The sign of covariance therefore shows the tendency in the linear relationship
between the variables.
> library(ggplot2) (Call library function ggplot)
ggplot(faithful,aes(eruptions))+
geom_histogram(binwidth=1)+xlab("eruptions")+
ylab("waiting")
Analysis: The histogram clearly shows that there is a linear relationship between
eruptions and waiting time.
Analysis: It is noted that there are two clusters that must correspond to the two
different types of eruption hypothesised earlier. There is, however, a very clear
pattern that affects both sections of the data. As imagined straight line could be
added fairly easily to the diagram, there is a positive correlation between the x
and y co-ordinates.

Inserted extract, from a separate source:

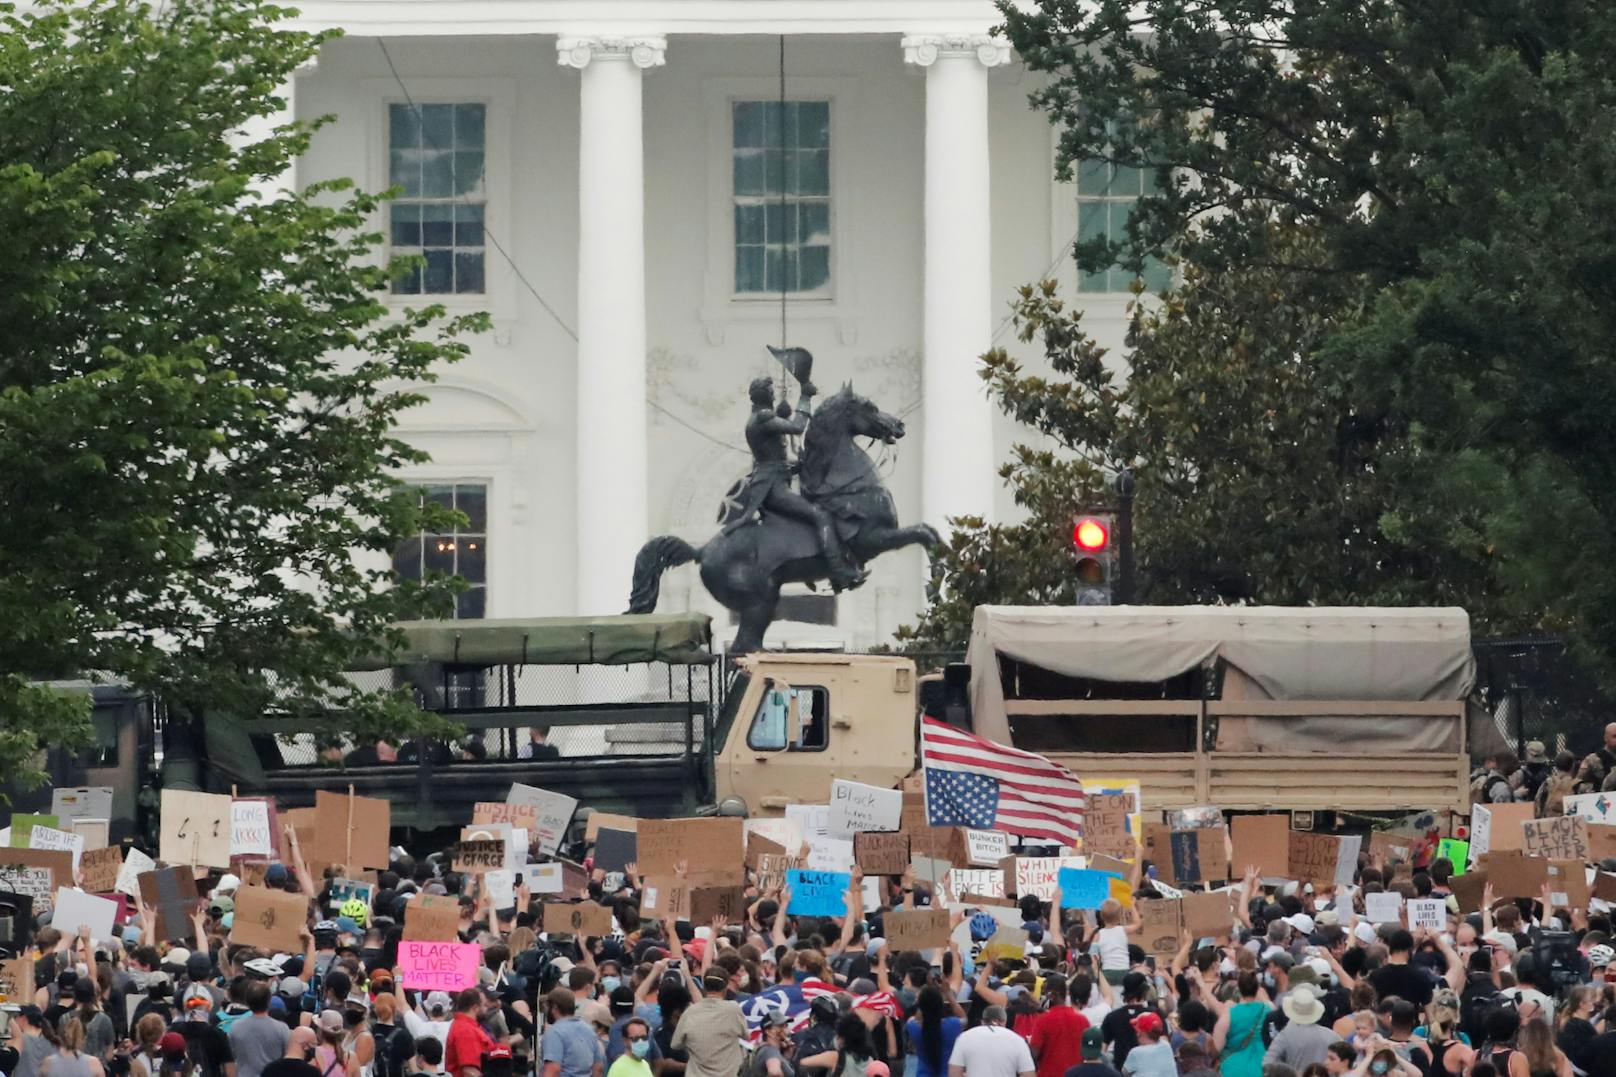 Nach dem Tod von George Floyd protestieren Tausende auch vor dem Weißen Haus. Donald Trump soll dabei in einen Bunker geflüchtet sein - er bestreitet das.

In other words, as the length of time between eruptions
increases, so does the duration of the eruption itself. Physical arguments would
suggest this sensible as the longer time will cause a bigger build-up of pressure.
> lm1 <- lm(eruptions ~ waiting, data=faithful)
> summary(lm1)
Call:
lm(formula = eruptions ~ waiting, data = faithful)
Residuals:
Min 1Q Median 3Q Max
-1.29917 -0.37689 0.03508 0.34909 1.19329
Coefficients:
Estimate Std. Error t value Pr(>|t|)
(Intercept) -1.874016 0.160143 -11.70 <2e-16 ***
waiting 0.075628 0.002219 34.09 <2e-16 ***
---
Signif. codes: 0 ‘***’ 0.001 ‘**’ 0.01 ‘*’ 0.05 ‘.’ 0.1 ‘ ’ 1
Analysis: The standard value to accept the hypothesis is that P(r)≤ 0.05 and in
our regression square we got P(r) for eruptions and waiting time both 2*10^-16
which is very less than our standard value. According to our values our
hypothesis for the variables is true and we will accept them.